Task brief:
Images are not part of the copy; write out the rest of the data exactly as given.

Supplied material:
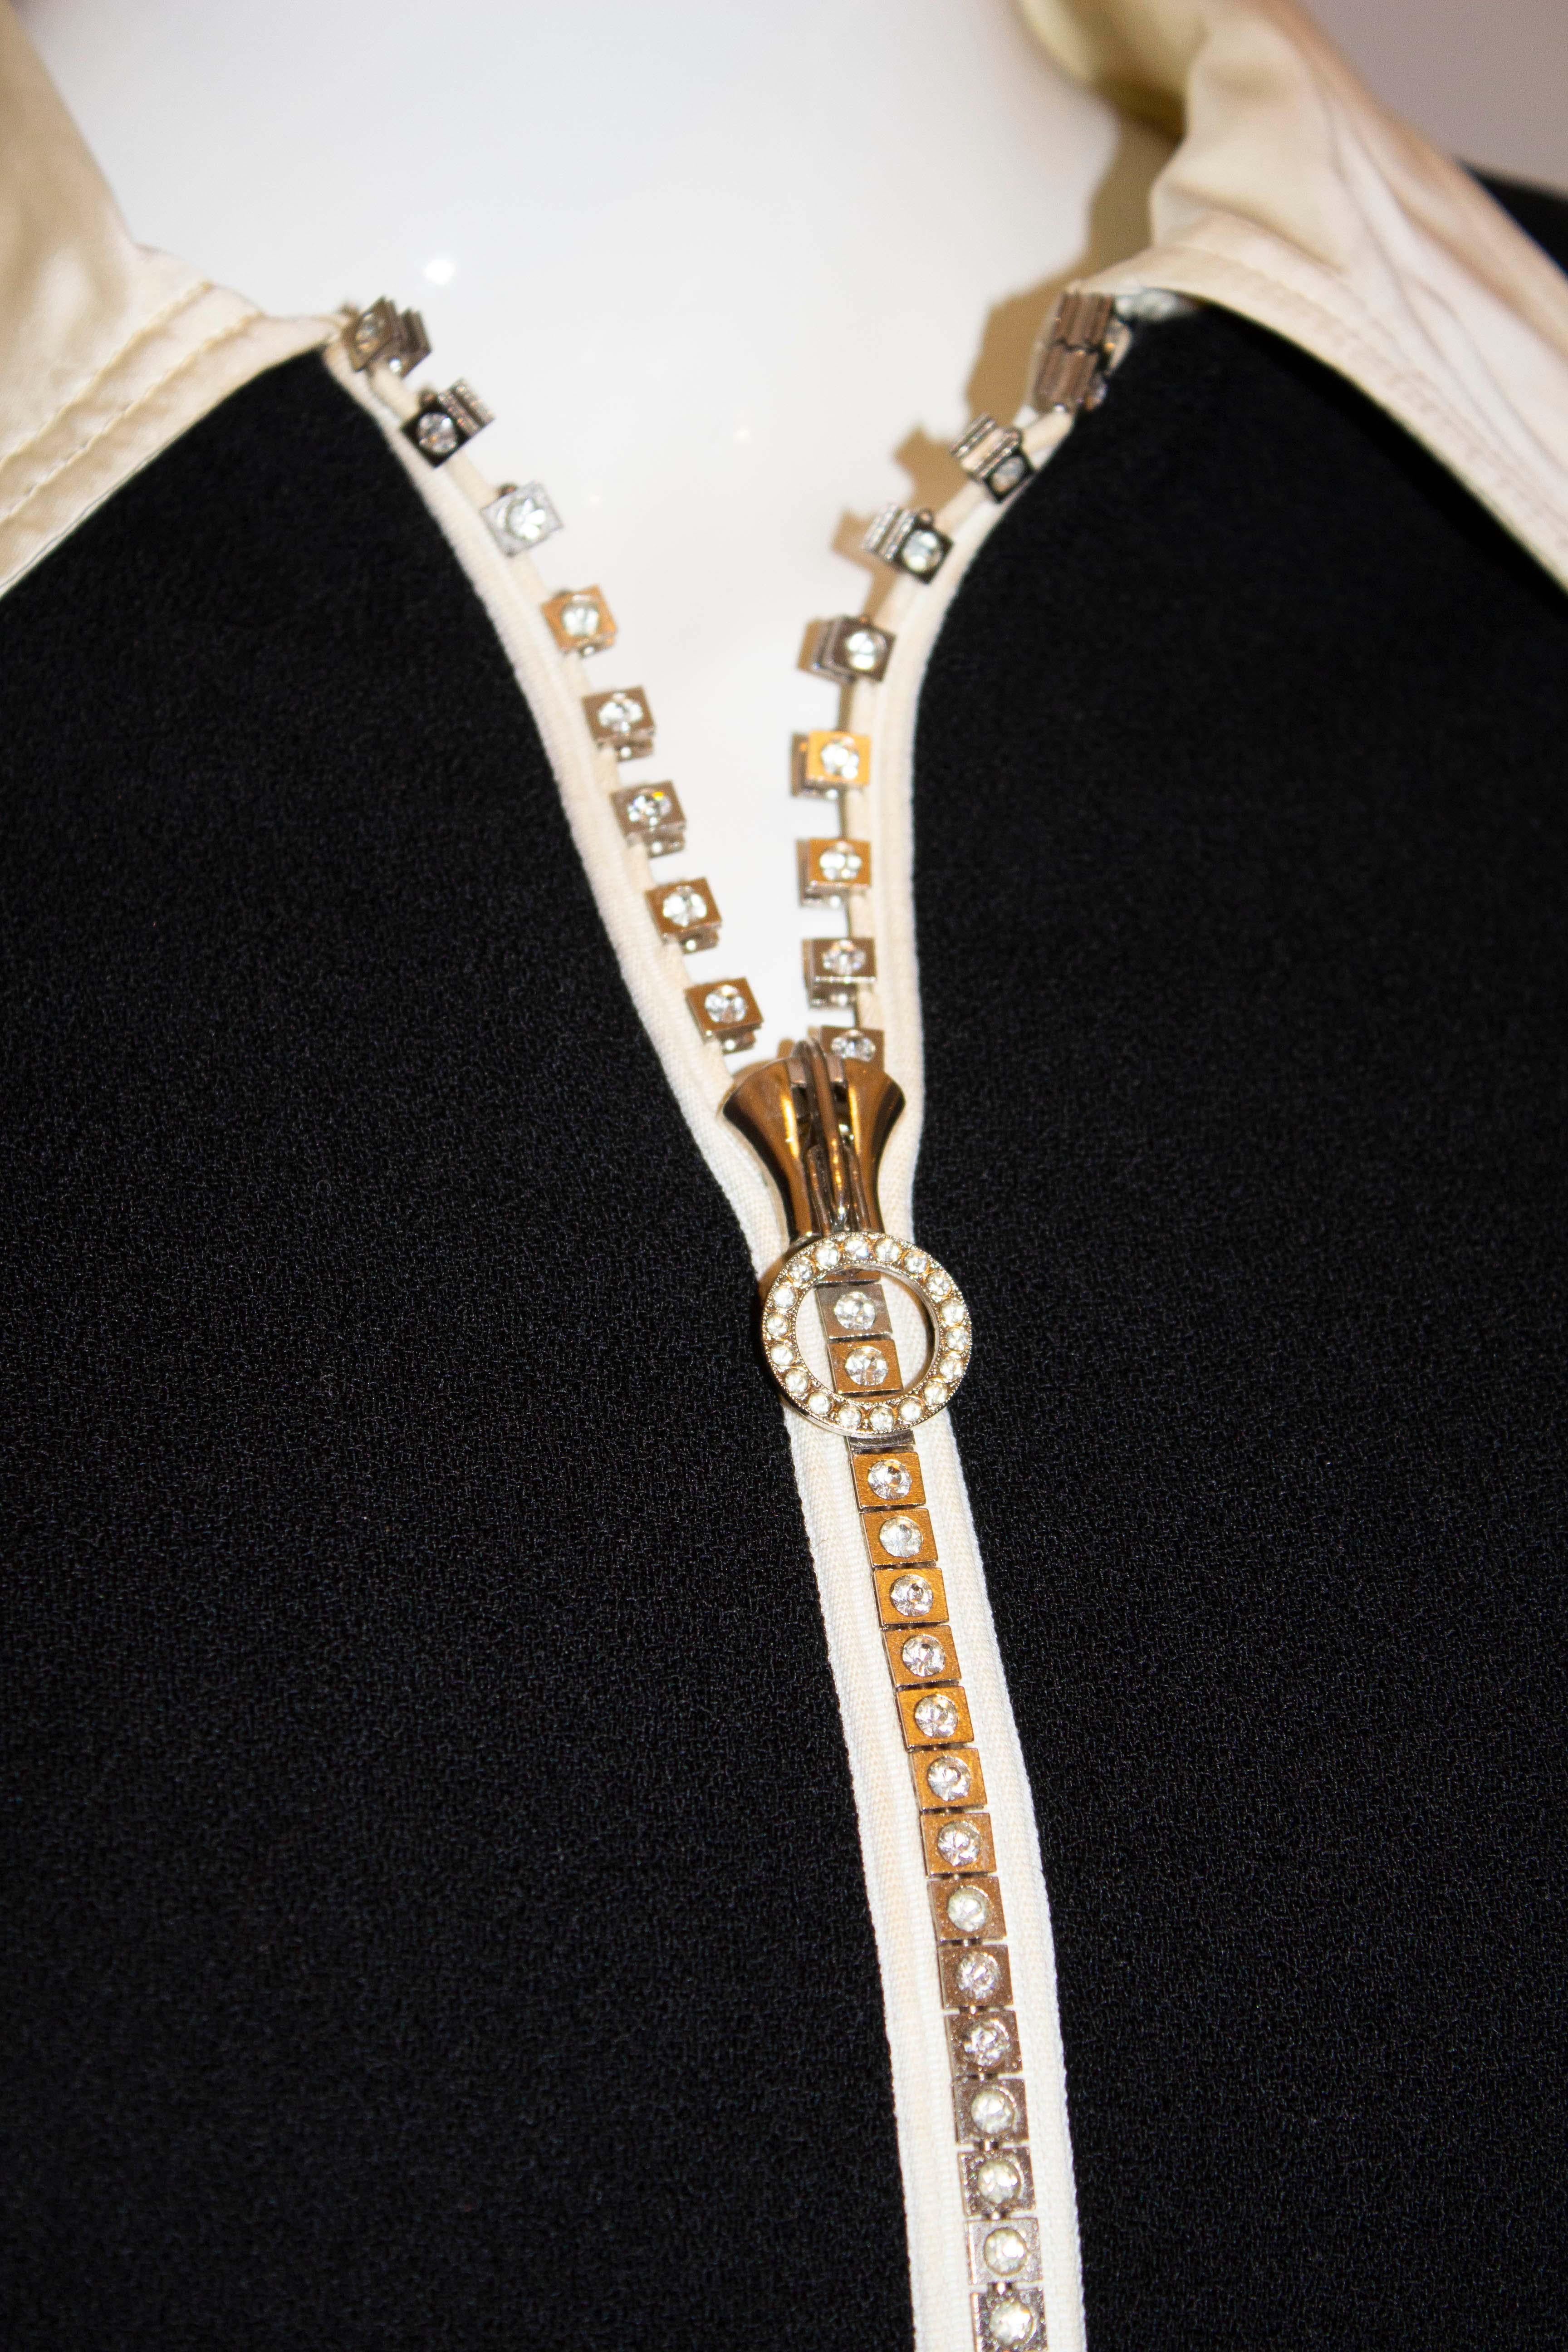 Vintage Oscar de la Renta Dress with wonderful zip 1
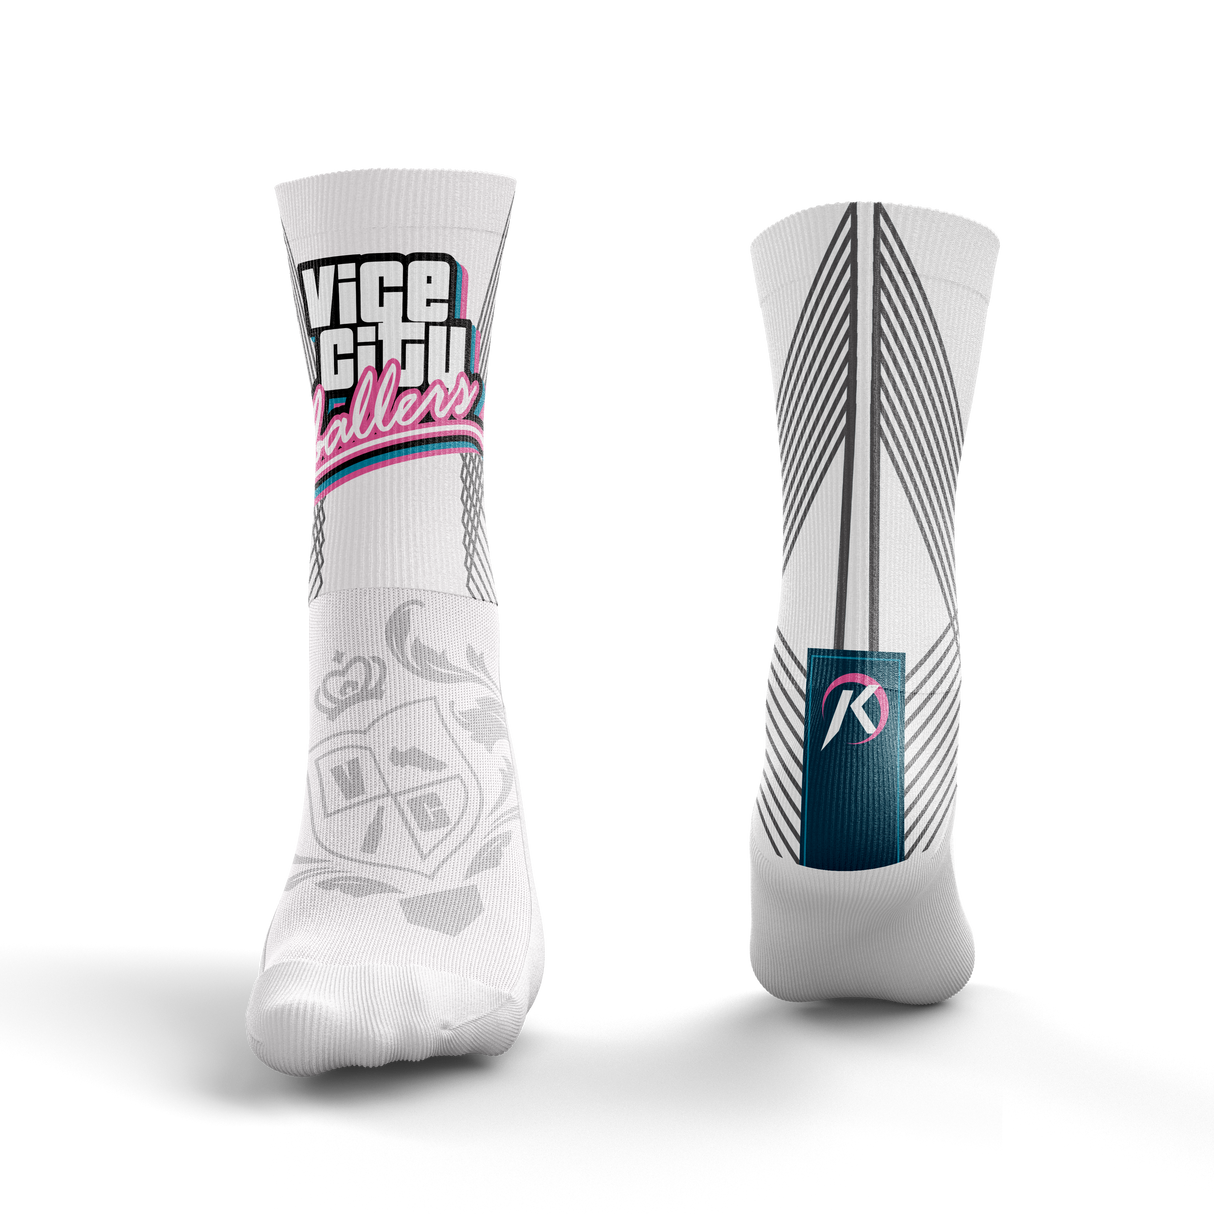 Vice City Ballers - Socks
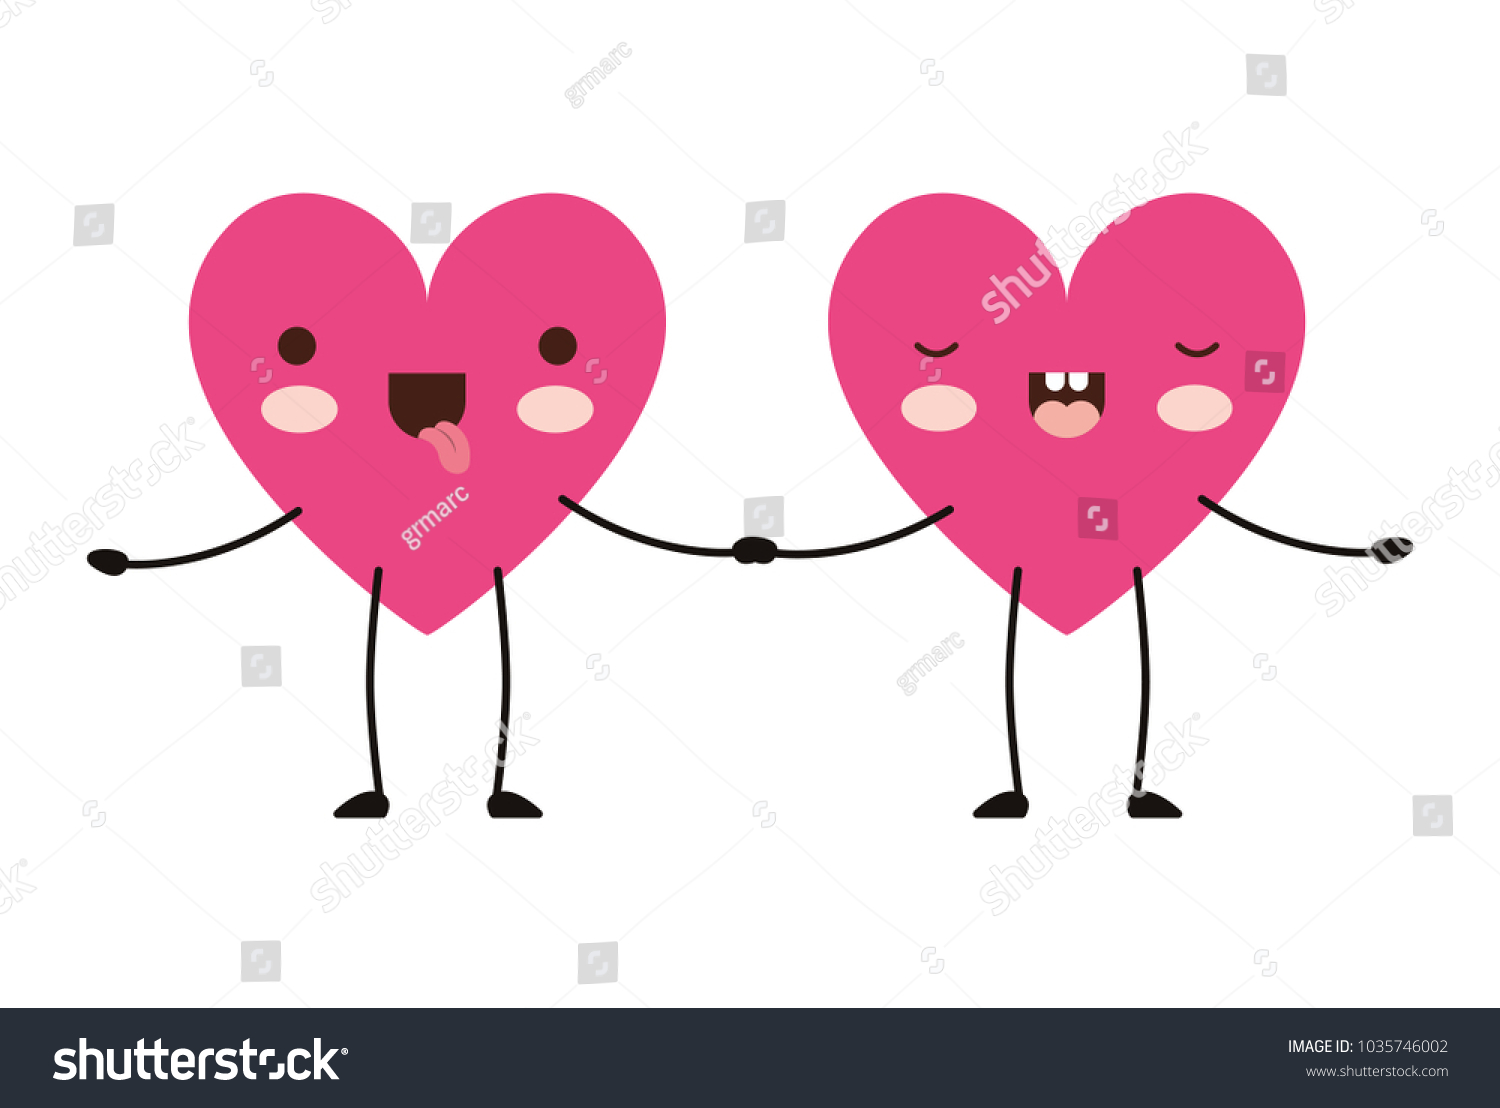 Cute Hearts Love Couple Kawaii Characters Image Vectorielle De Stock Libre De Droits

Answer:
 Vintage Oscar de la Renta Dress with wonderful zip 1
 Vice City Ballers - Socks
 Cute Hearts Love Couple Kawaii Characters Image Vectorielle De Stock Libre De Droits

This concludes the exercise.